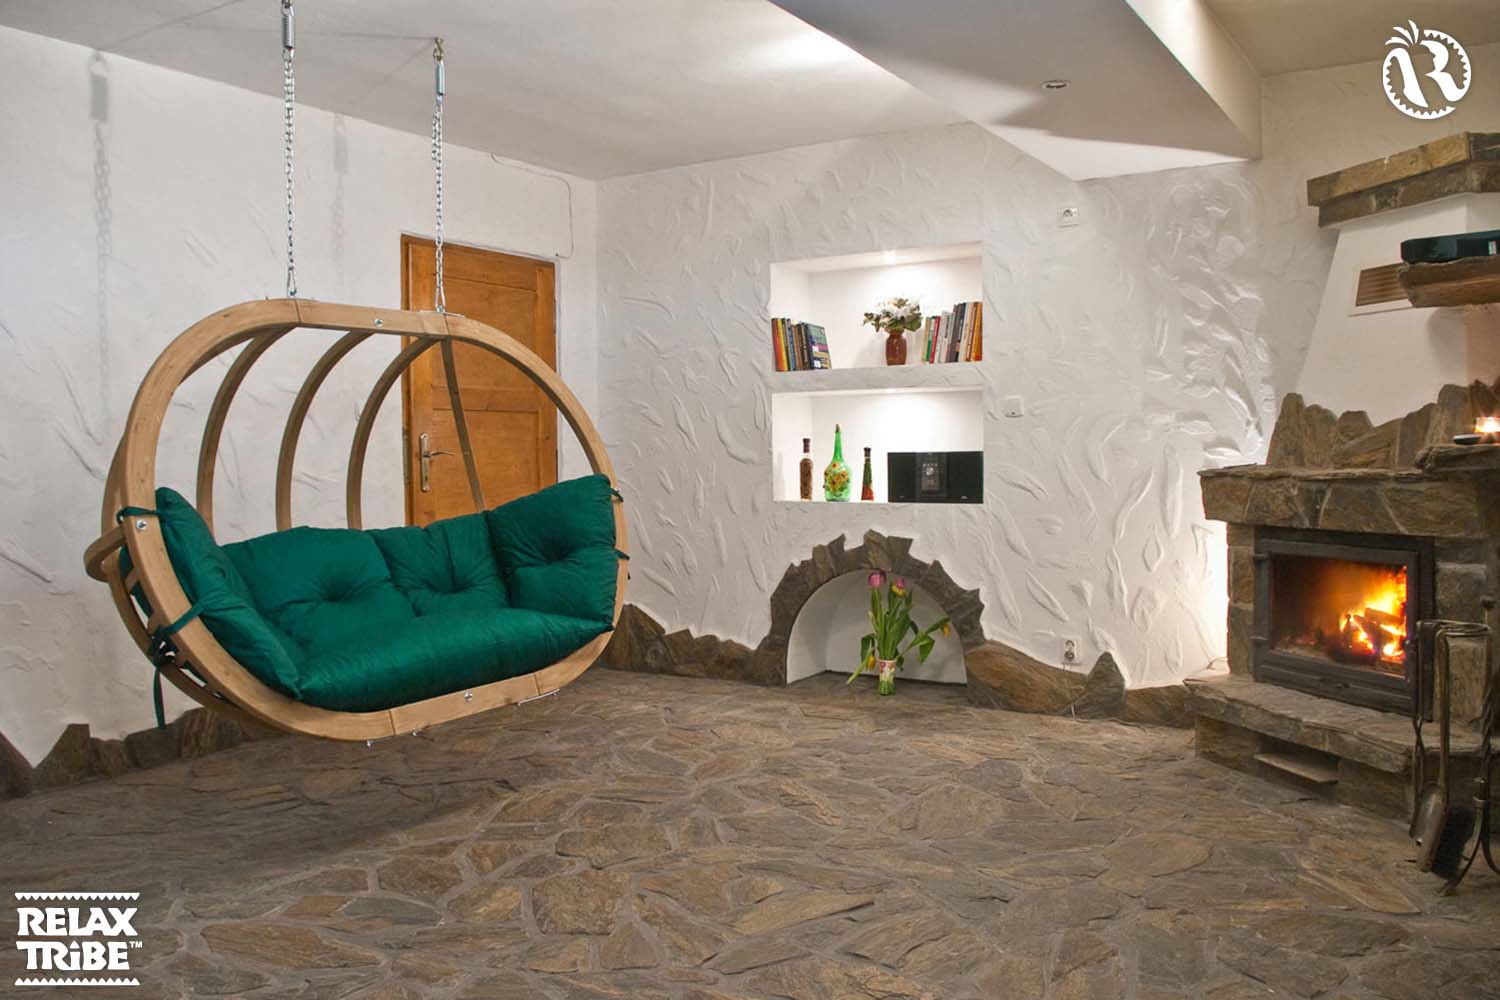 globo-royal-chair-verde-double-family-home-garden-xl-hanging-sofa-fsc-wood-cushion-weatherproof-green-indoor-ceiling
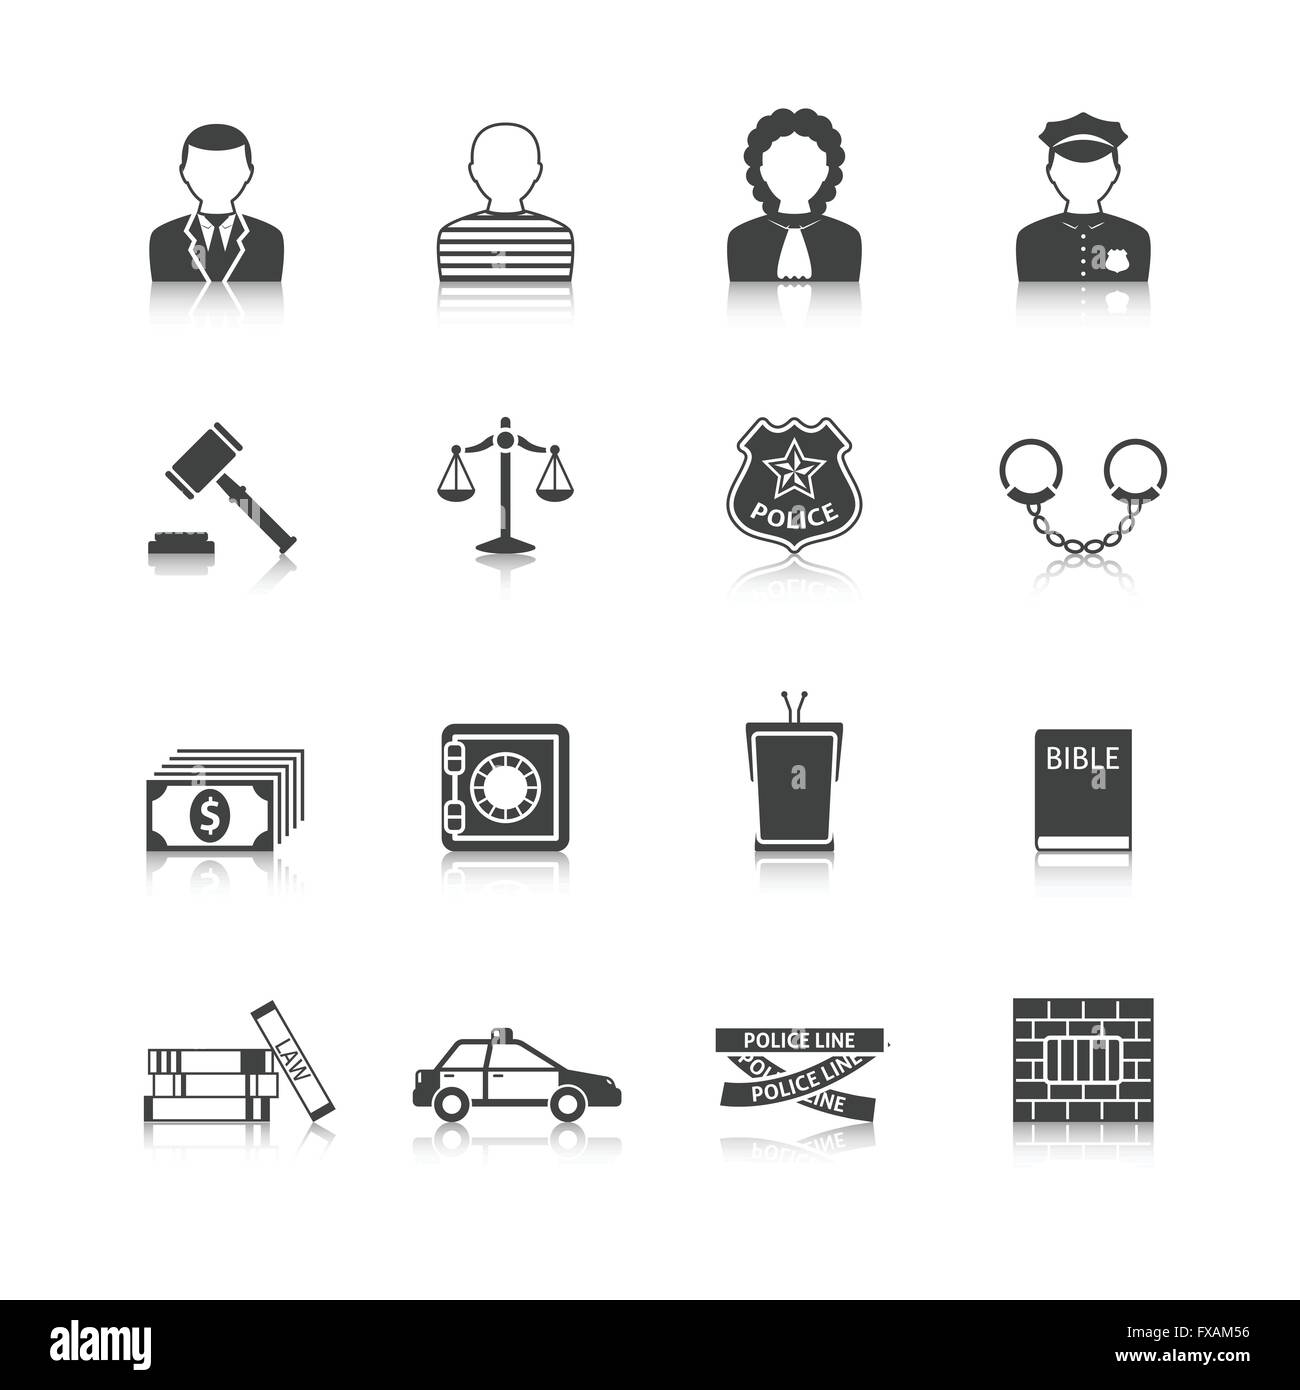 Crime and Punishments Icons Set Stock Vector
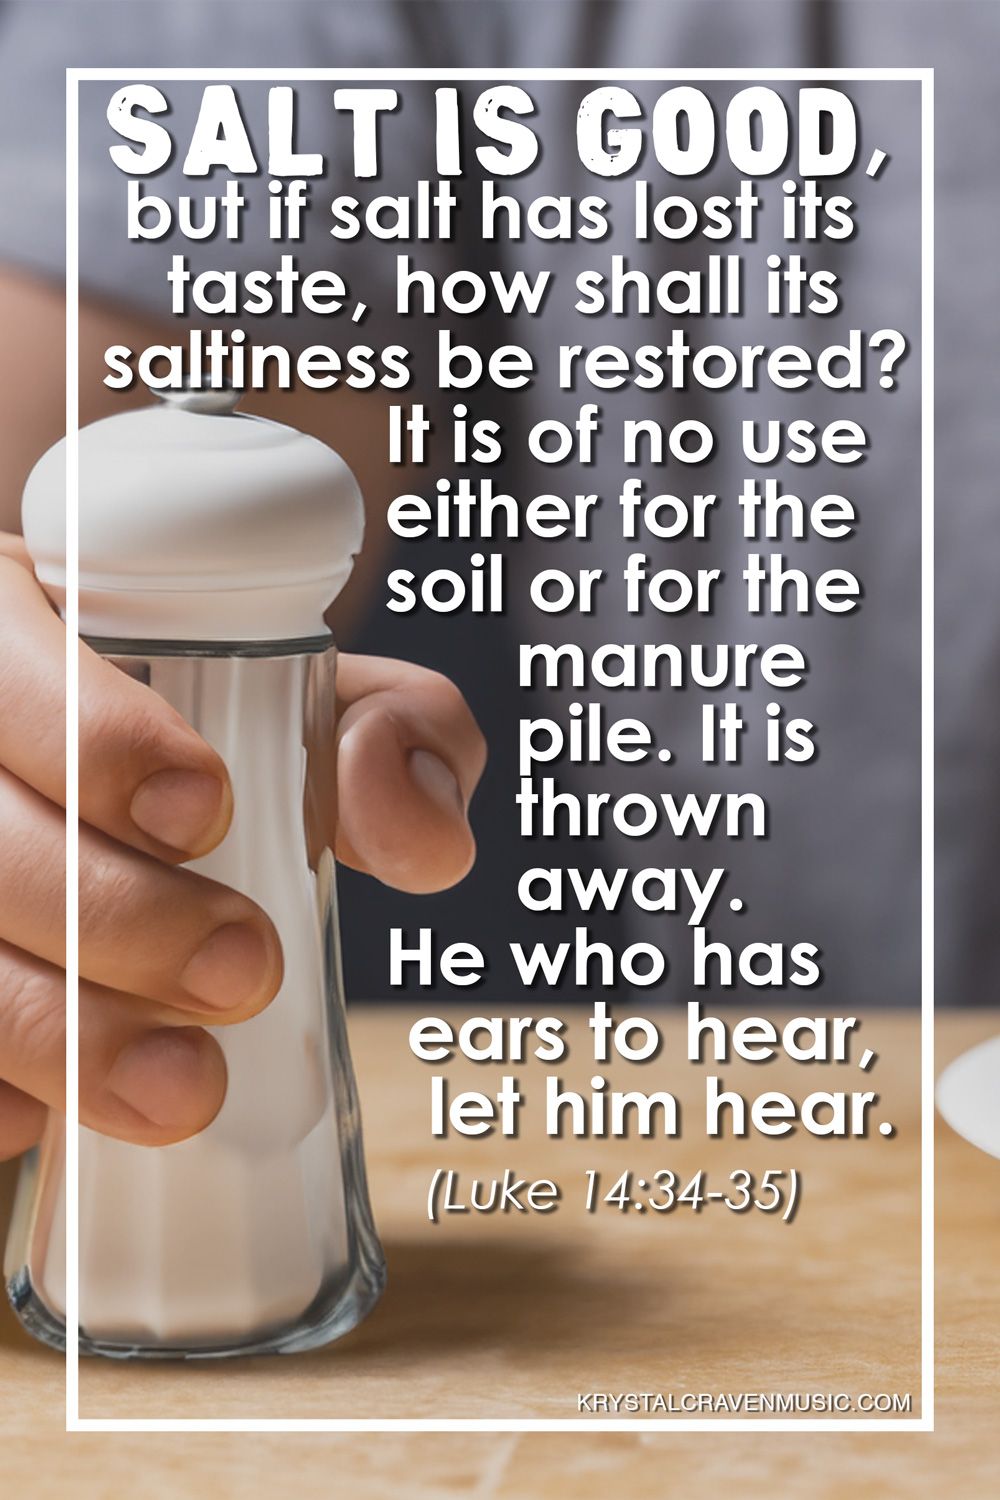 The text from Luke 14:34-35 that reads "Salt is good, but if salt has lost its taste, how shall its saltiness be restored? It is of no use either for the soil or for the manure pile. It is thrown away. He who has ears to hear, let him hear." over a hand holding a filled salt shaker on a table.
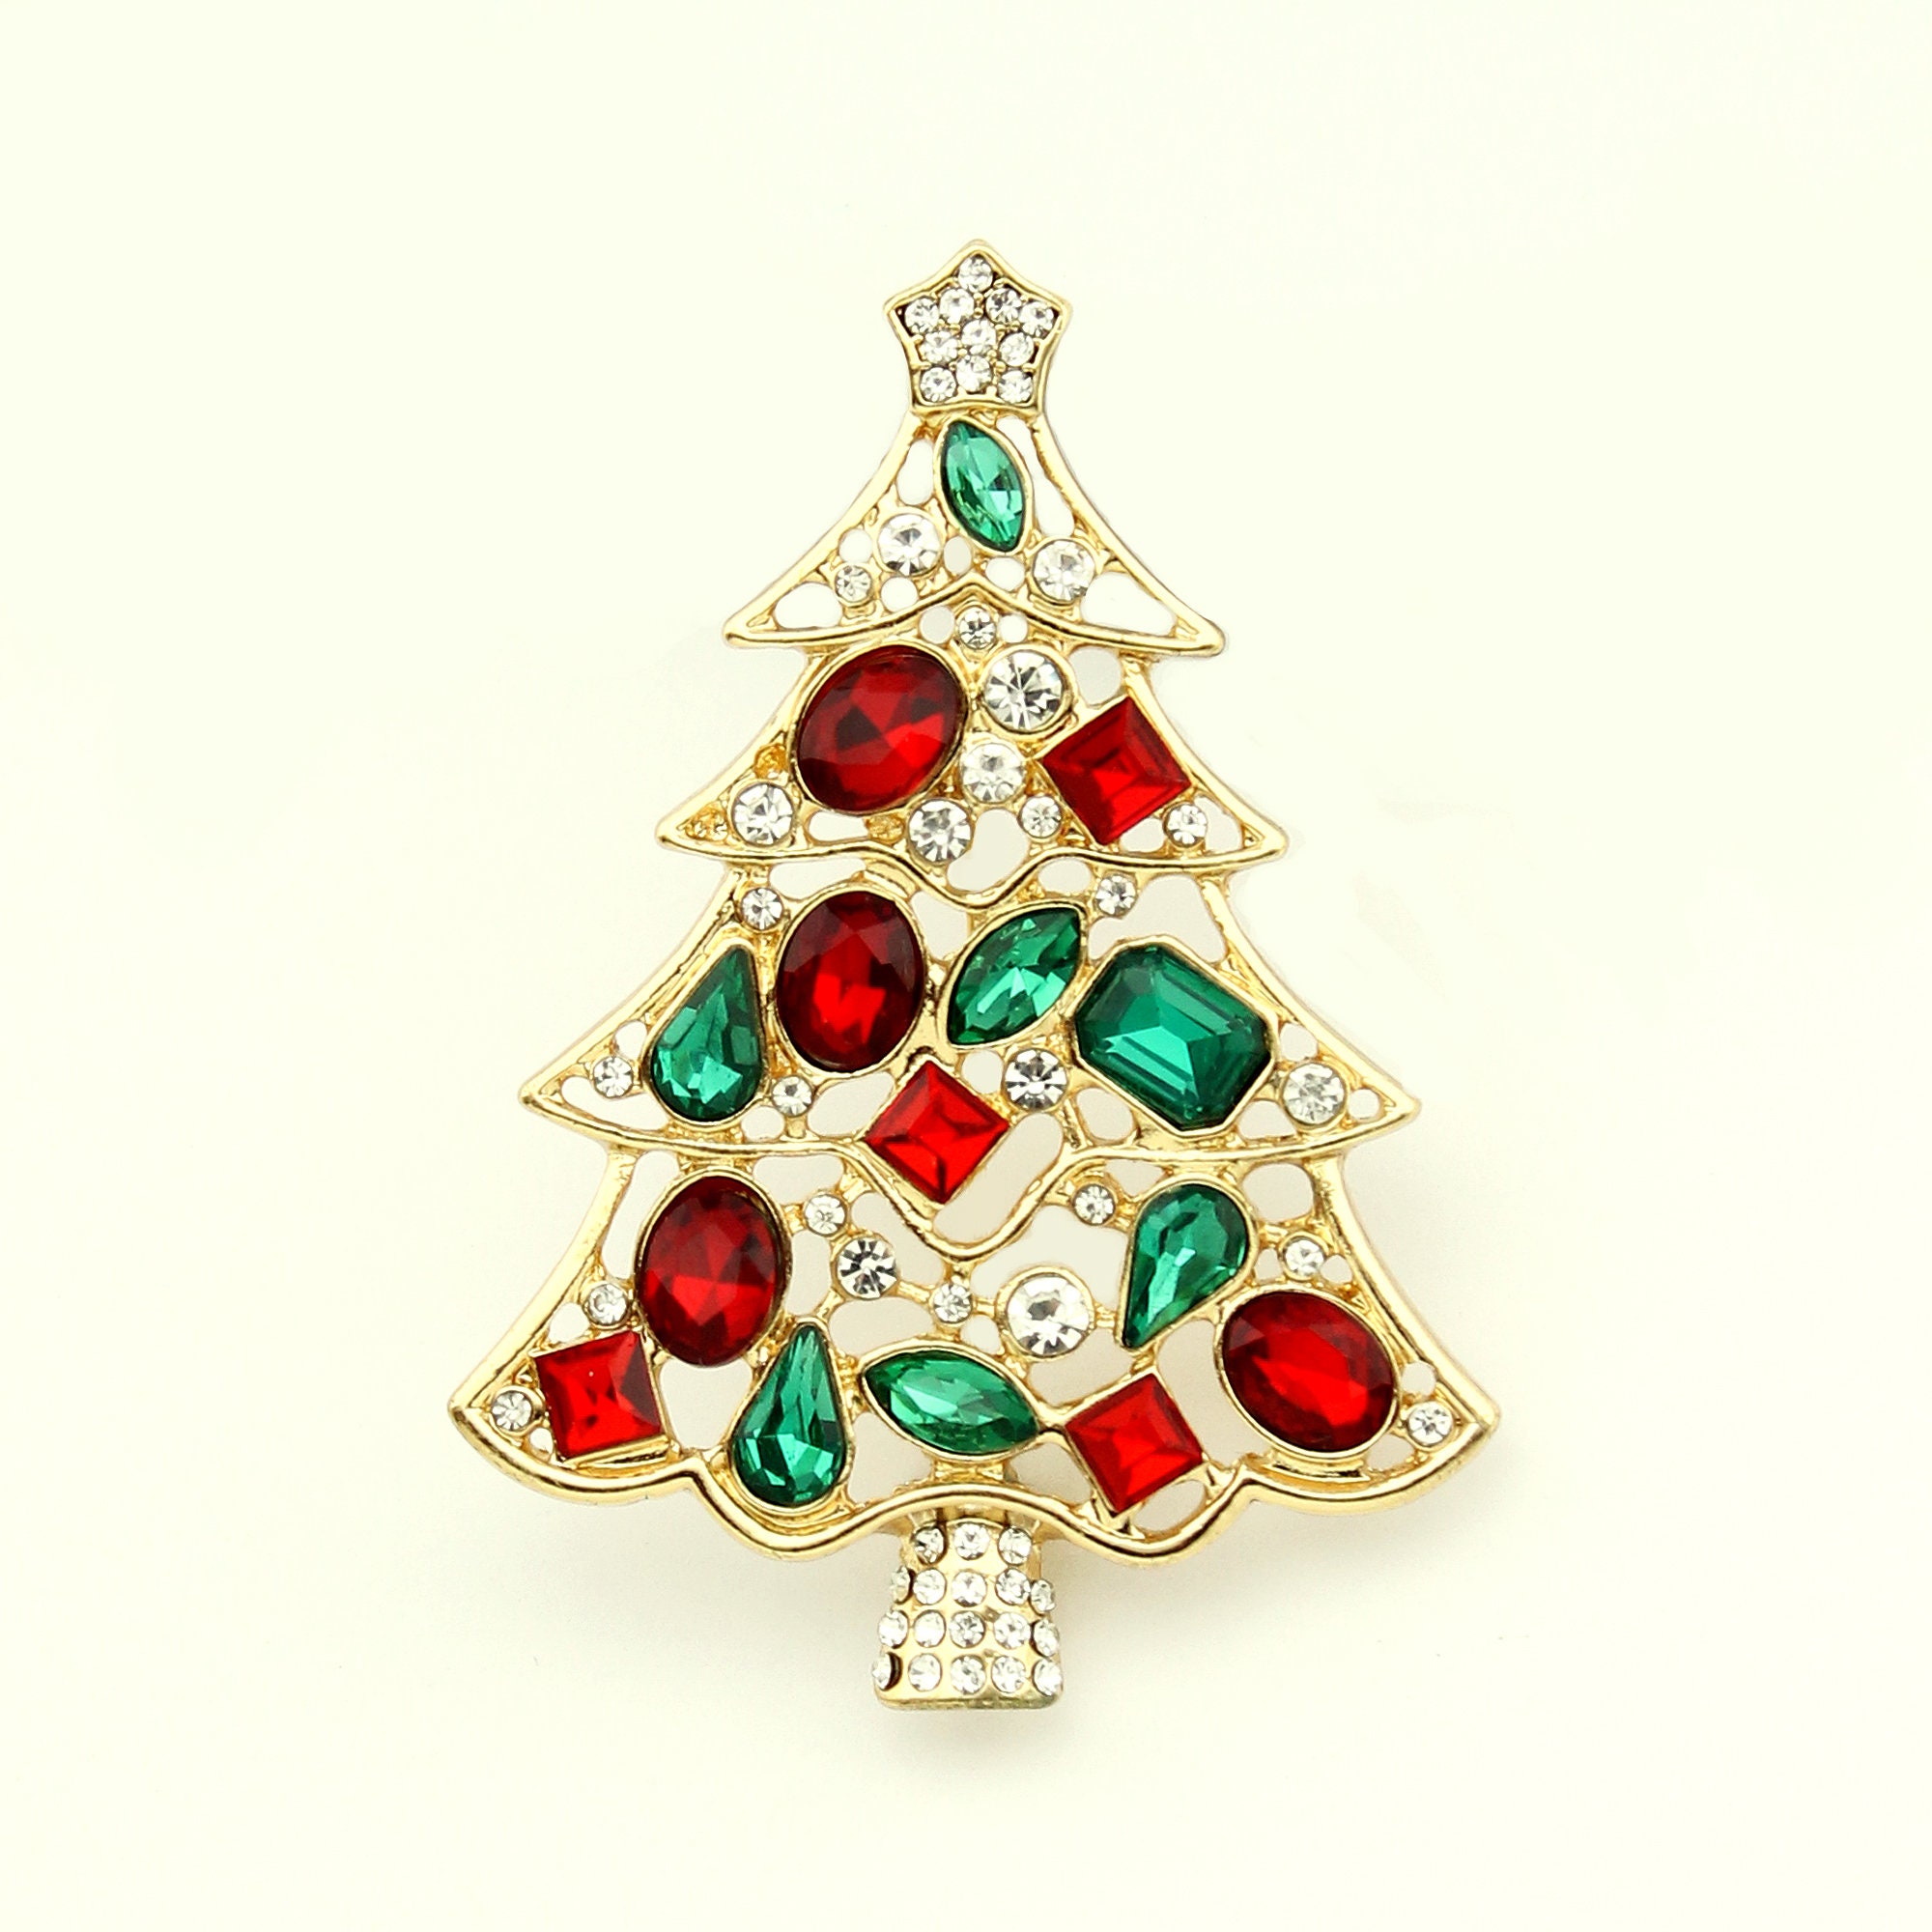 Christmas Ornament Pins Pearl Pins Corsage - 80 Teardrop Pearl Headed Pins  - 2.5 Long - Christmas Colors of Red, Green, Gold & White Pearl

- **WORK REQUEST**: Extract, word for word, every line from the one containing "The text from" to the end of the data above, both ends included, and leave out the pictures.

- **REPLY**:
 The text from Luke 14:34-35 that reads "Salt is good, but if salt has lost its taste, how shall its saltiness be restored? It is of no use either for the soil or for the manure pile. It is thrown away. He who has ears to hear, let him hear." over a hand holding a filled salt shaker on a table.
 Christmas Ornament Pins Pearl Pins Corsage - 80 Teardrop Pearl Headed Pins  - 2.5 Long - Christmas Colors of Red, Green, Gold & White Pearl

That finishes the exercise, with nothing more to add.